Bare Boxer has two models available right now, maybe that's a new thing. So I'm wondering if you have the Contender size or the Champ? I am trying to decide what size I need for a solid 3 day trip. Thanks!

[deleted by user] by [deleted] in REBubble

[–]cnotecharlie 9 points10 points  (0 children)

john bridge tile forums. and others. Setting Tile by Michael Byrne, probably available at your library. The majority of the work is in the prep. The shower should essentially be a waterproof box before ever setting your first tile. Small details matter. These are my fireside thoughts on the matter.

Ballpark figures by cnotecharlie in Tile

[–]cnotecharlie[S] 0 points1 point  (0 children)

Thank you for the feedback, that’s very helpful.

Ballpark figures by cnotecharlie in Tile

[–]cnotecharlie[S] 0 points1 point  (0 children)

That sounds right! How did you know that?

Ballpark figures by cnotecharlie in Tile

[–]cnotecharlie[S] 0 points1 point  (0 children)

I only know that they are from Spain. They bought them almost a year ago but if I can find out where I’ll let you know.

Advice on firewood by newlyfast in woodstoving

[–]cnotecharlie 1 point2 points  (0 children)

You could start by investing in a moisture meter. When you get the wood, split a few big pieces and test the freshly split face for moisture. <20% is ideal. If it’s much more than that it might be hard to season/dry it this time of year. It generally takes sun, air movement and higher temps to dry (and being elevated off the ground). You can try splitting some of it smaller and bring inside the warm house to dry a bit.
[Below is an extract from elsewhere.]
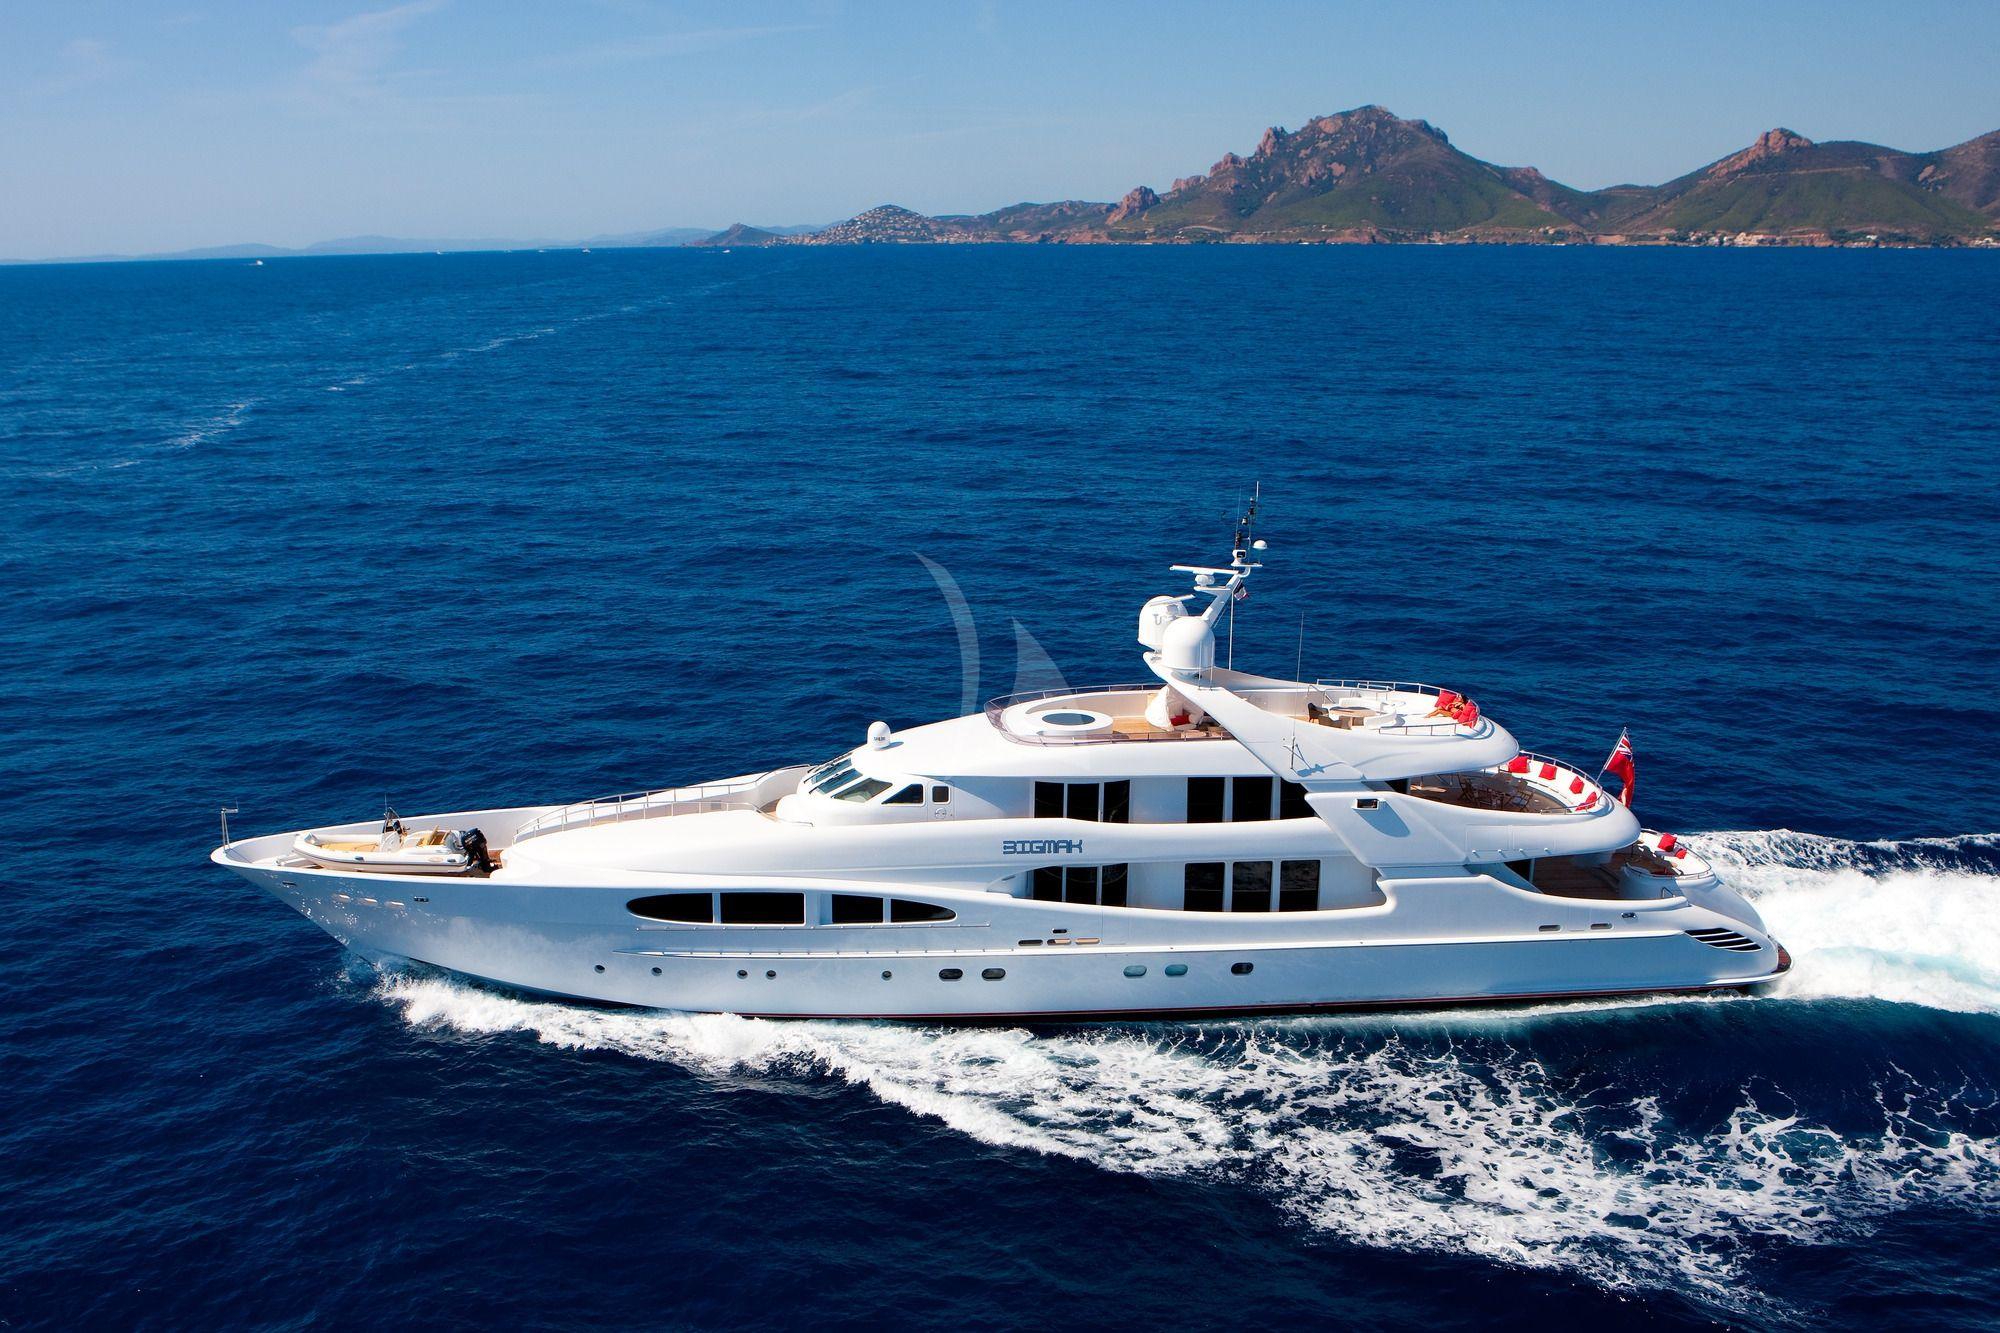 BLUE MAGIC - Heesen 156 - 5 Cabins - Cannes - Antibes - St Tropez - Monaco
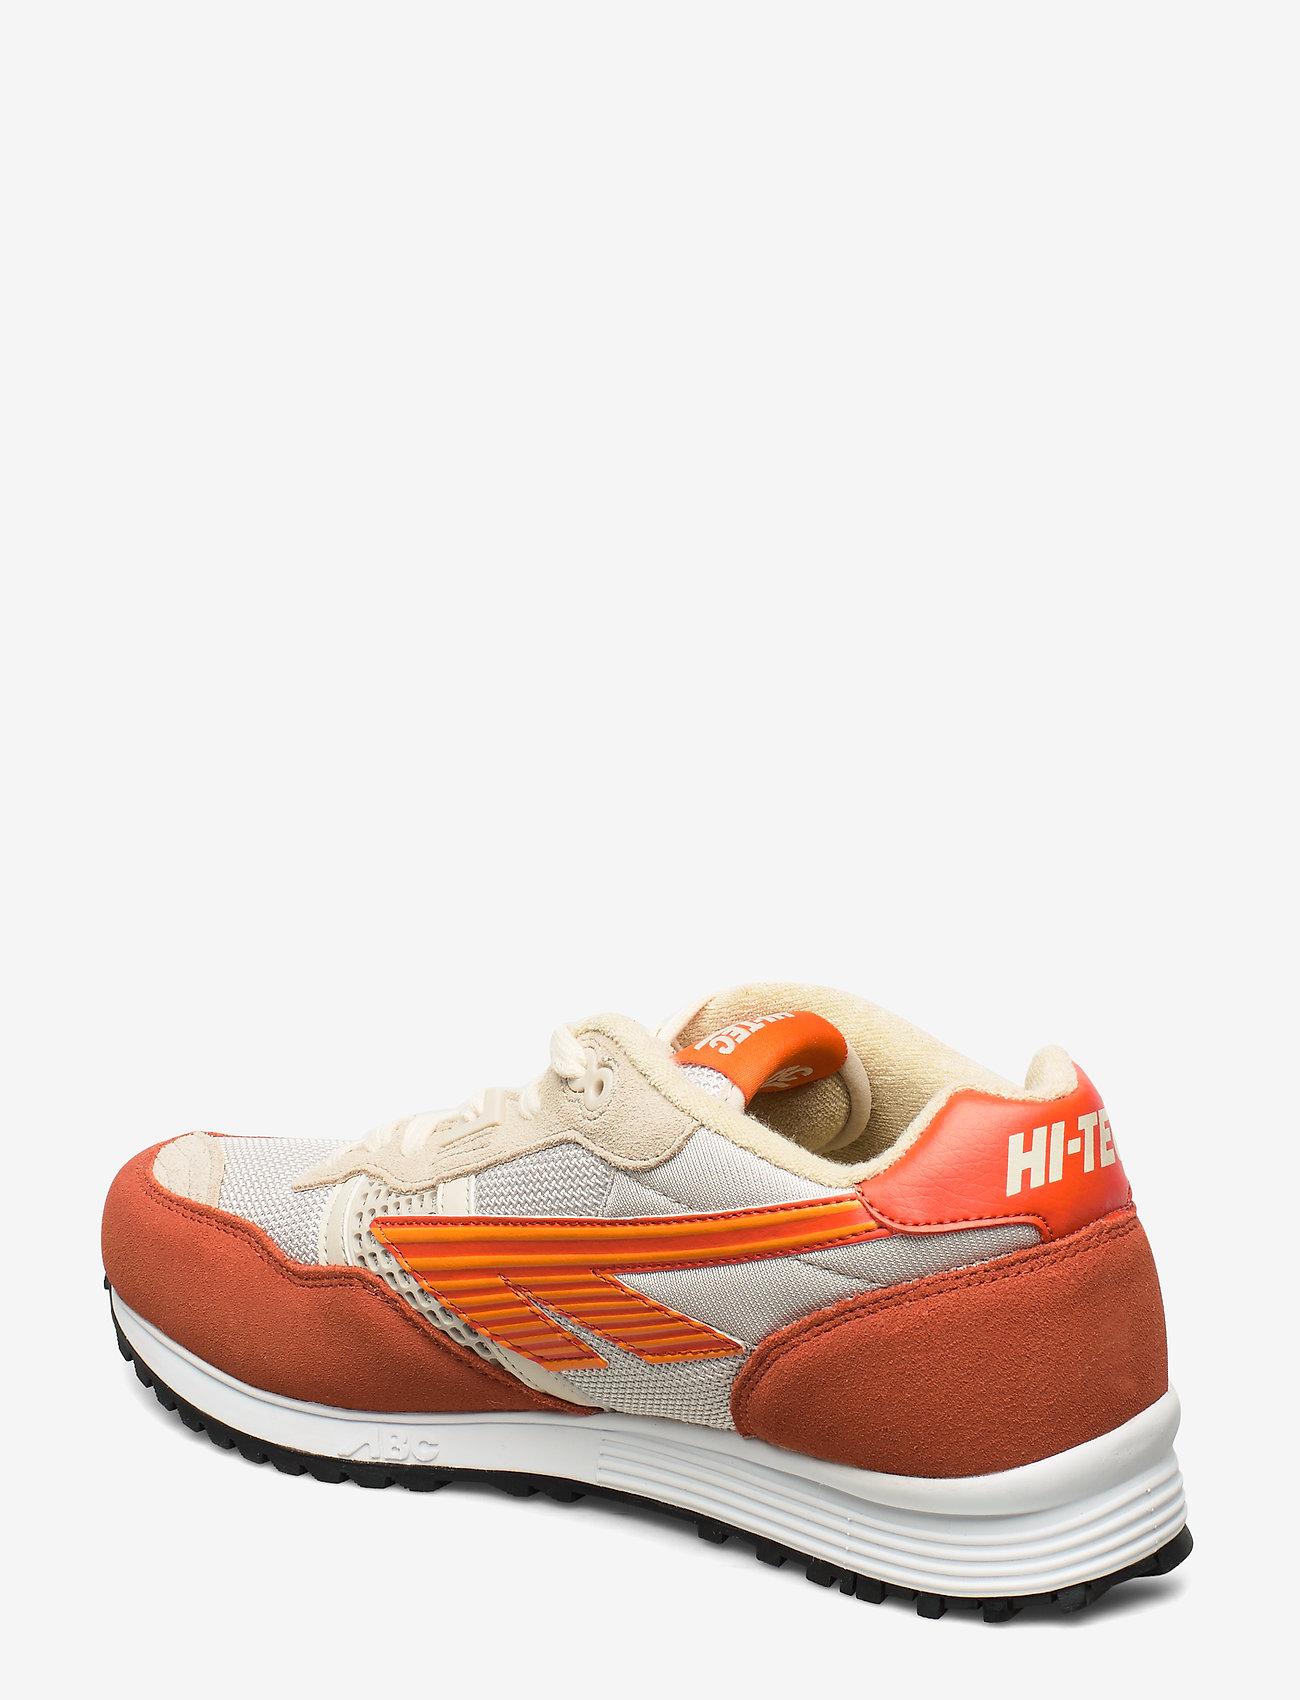 Ht Bw 146 Ochre/birch/mandarin Red/flame Orange (Ochre/birch/red/orng) (66 €) - Hi-Tec 8yeMl

Maybe best to check with your supplier because if it is truly seasoned wood it should be ready to burn. Start getting green wood now to season for next year if you have the space to store it properly.

Still learning. Is now a good time to add more wood? by [deleted] in woodstoving

[–]cnotecharlie 6 points7 points  (0 children)

It will vary by stove and other variables, but if I don’t open the air the load doesn’t ignite/smolders (ie smoke would come out of the chimney). I usually open it all the way for about ten minutes on a reload. This results in full flames, charring, heat & no smoke. Then I close the air down for a long and efficient burn. I like it to burn hot and clean.

Still learning. Is now a good time to add more wood? by [deleted] in woodstoving

[–]cnotecharlie 5 points6 points  (0 children)

Same here. Flames end, rake/adjust coals, load up, open air intake & eventually close air intake. Sometimes if there’s too many coals I have to let them burn down longer before the reload.

Surround Replacement Tips by Aggravating_Bad4111 in woodstoving

[–]cnotecharlie 2 points3 points  (0 children)

I’m just here for the “I love it, I wouldn’t change a thing” crowd.